I will be curious to see what you come up with.
 


mattcolville said:
Alas, no. I'm working on my own D20 stuff now. This may mean a more ambitious project in the same area, but realistially my involvement with the Book of War ended long ago. Though I am interested in what people perceived were the strengths and flaws of the book, in the high likelyhood I revisit the subject with some other product.

On that note, and since Wraith Form was kind enough to bump the thread ...

Strengths:
  • Nomadic camps
  • Consideration of cultural type
  • Frequent notes about "tuning the system"
  • Active representation of organized groups (the Guilds)
  • Treatment of domain-level spellcasting
  • Large selection of core monsters converted to Unit stats

Weaknesses:
  • 12-mile per hex scale does not lend itself to use with existing camaigns mapped at 24 or 30 miles per hex
  • Inability to play as head of a Guild instead of a land-ruling leader
  • Specific list of spells for domain magic instead of guidelines on selecting and adapting "normal" spells.
  • Treating humans differently from "other monsters" in the troop creation rules (specifically, using Human Commoners while other monsters are Warriors by default).

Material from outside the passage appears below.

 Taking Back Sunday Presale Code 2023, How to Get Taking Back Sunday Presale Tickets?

I would urge others to post what they thought were the strengths and weaknesses of Fields of Blood here, as well.
 

\bump...

Just found this thread. Outstanding Siv...truly inspired!

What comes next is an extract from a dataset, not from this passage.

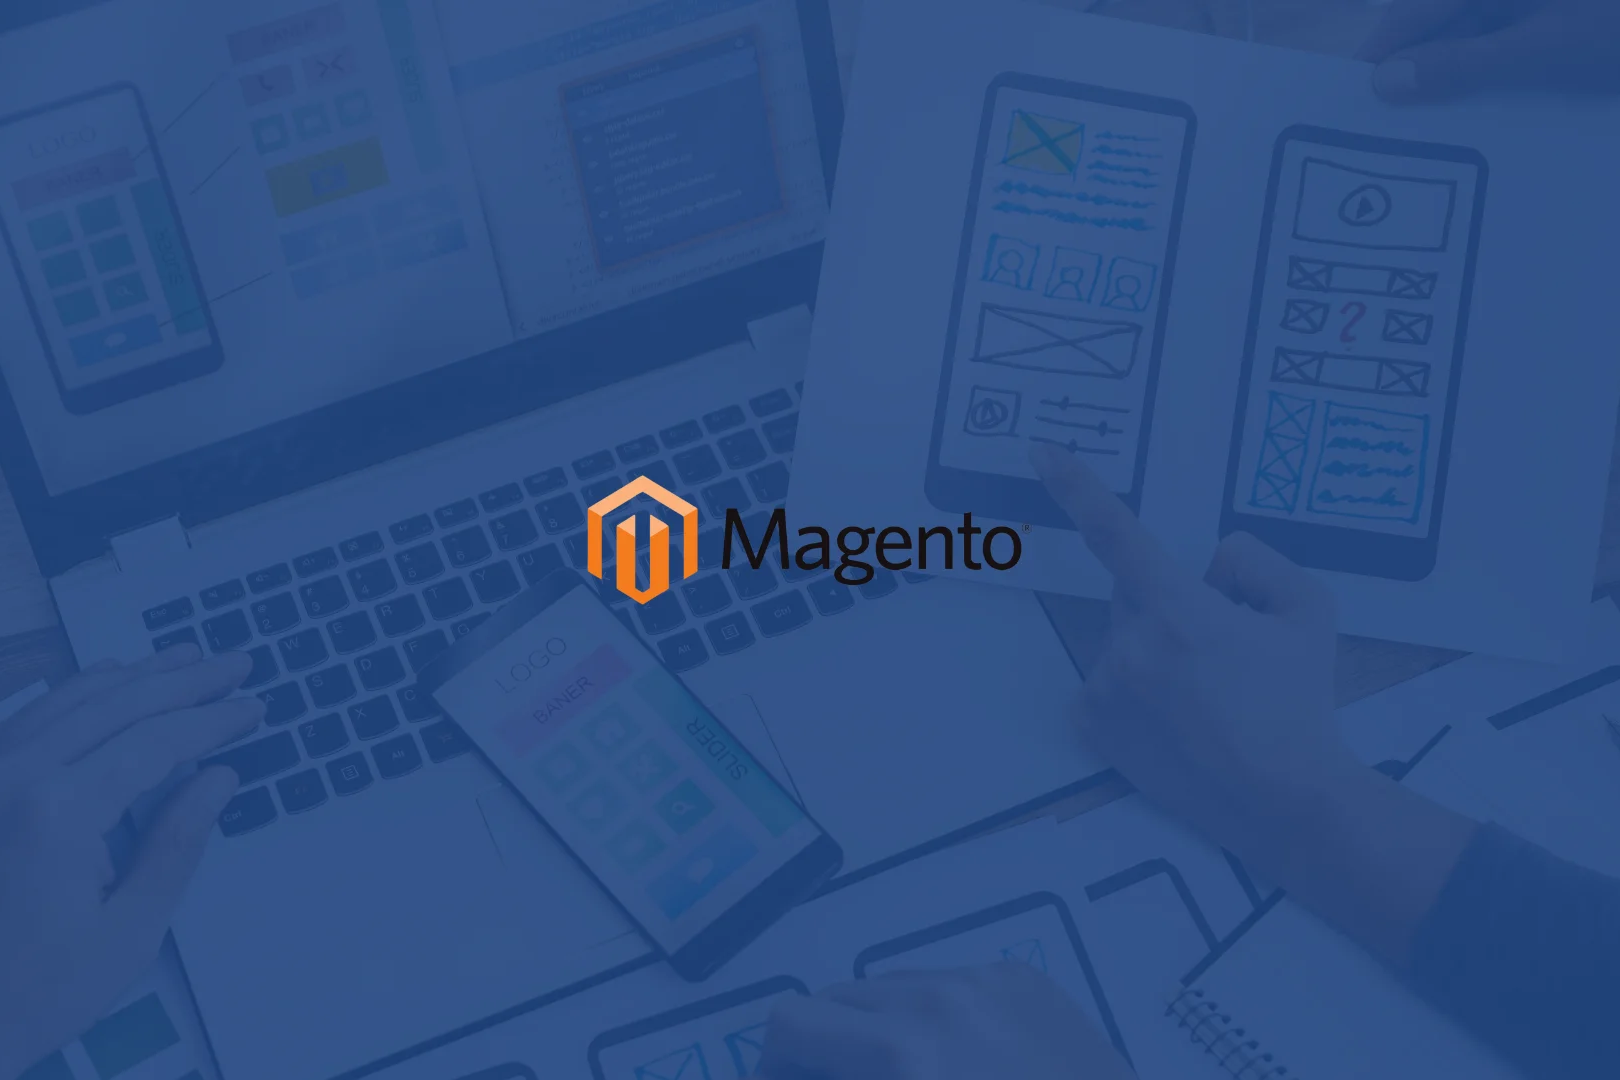 Redesigned with Magento

I own Cry Havoc and FoB but have not had the chance to integrate either into my current campaign.

After reading everyone's input, I felt compelled for the bump. Is there any new opinions or insight to add?
 

rom90125 said:
\bump...

Just found this thread. Outstanding Siv...truly inspired!

I own Cry Havoc and FoB but have not had the chance to integrate either into my current campaign.

After reading everyone's input, I felt compelled for the bump. Is there any new opinions or insight to add?

I don't have anything new to add at the moment, but I expect to revisit this thread once Power of Faerun is out (March 2006 or so). From the catalogue entry, it sounds as if it addresses similar material.
 


*Necromantic Bump*

I'm curious about any more discussion on this. I own Powers of Faerun, and it completely lacks any mechanical guidelines, but has great RP guidelines for running a realm and how they get setup, particularily *in* Faerun.